Americans were captivated by the actions of Toya Graham, the Baltimore mother who pulled her 16-year-old son, Michael, from an uprising by cursing him out and repeatedly hitting him on his head. For this, millions of viewers across racial lines declared her “Mother of the Year,” and a hero. Graham and her son were suddenly media darlings, appearing on CNN, The View and The Today Show, to drive home the narrative that good Black mothering requires physical force to tame the inherently violent nature of young Black “thugs,” as President Obama, the mayor of Baltimore, and others called the freedom fighters who took to the streets of Baltimore on Monday evening.

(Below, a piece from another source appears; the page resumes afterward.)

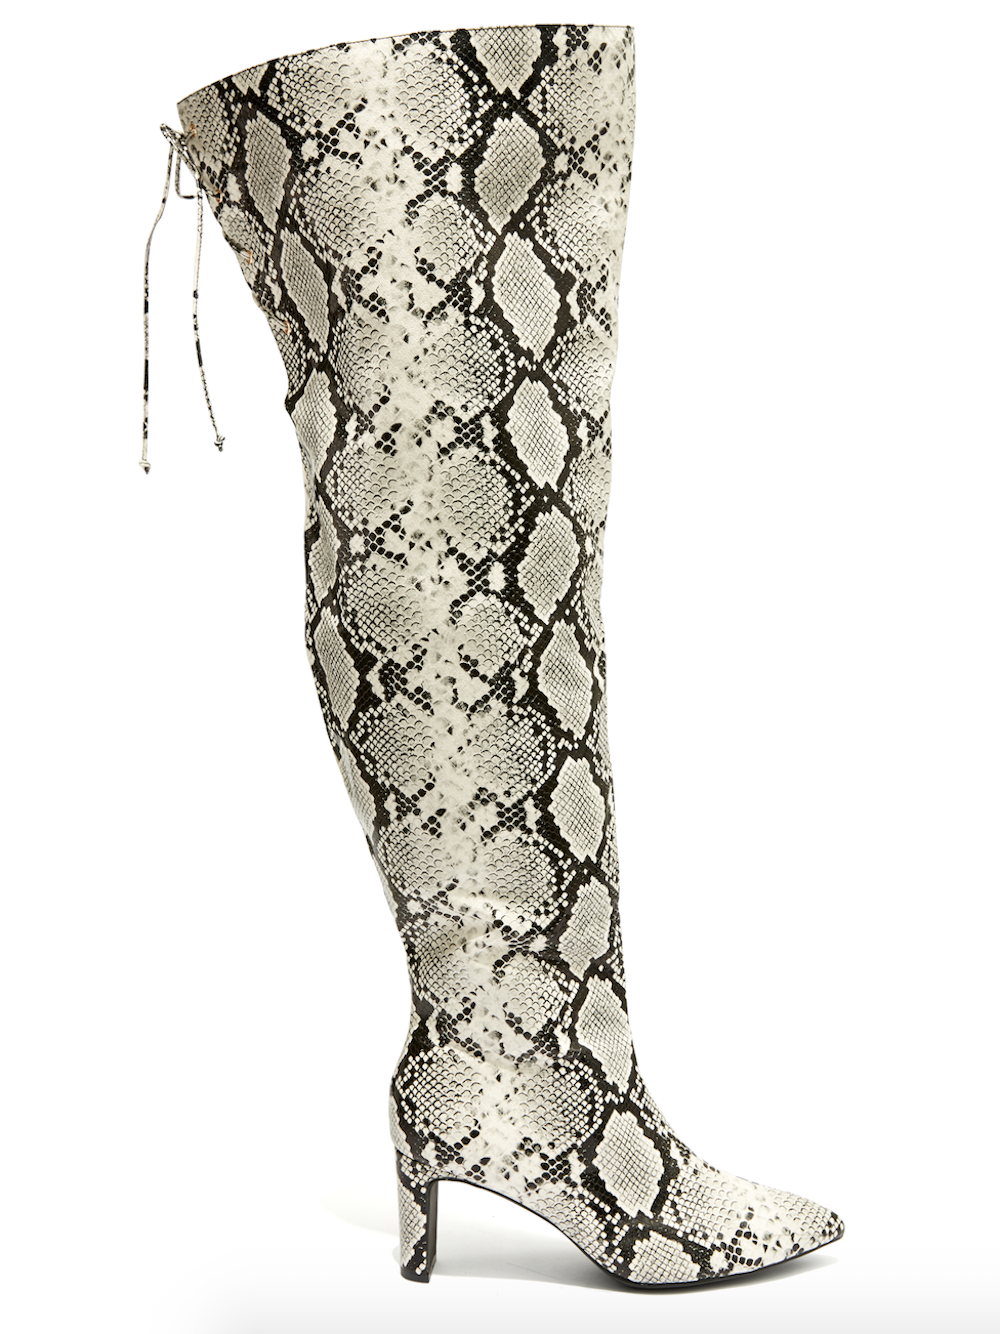 Can't Tell Me Nothin Faux-Snake Thigh High Boots

I want to clarify that I am withholding judgment of Toya Graham. It is crucial to look at what this maternal moment really means in the larger context of police and societal violence against Black communities. It is imperative to see how White racist aggression necessitates not only complicity of Black America, but a belief that we need to use physical discipline because it is a responsible “Black thing.” It is as if we are serving the interests of racist White America all while believing that that serving is unique to Black identity. Umph, umph, umph.
But I tell you, friends, you’ve been had! You’ve been bamboozled. Because the fact is, racist America is determined to beat Black communities into submission, and kill their children when necessary. But it is much more palatable when communities of color are partners in this culture of racism.
Toya Graham is a symbol of Black America’s complicity in its own destruction. How else can we explain that she is a national hero for assaulting her child before the world? It is proof of the effectiveness of dominant institutions in teaching us the same lies, fictions, and stereotypes that fill us with self hate and drive us to beat our kids like we hate them all while thinking the switch, belts, fists, slaps and profanity laced whoopings are “love.”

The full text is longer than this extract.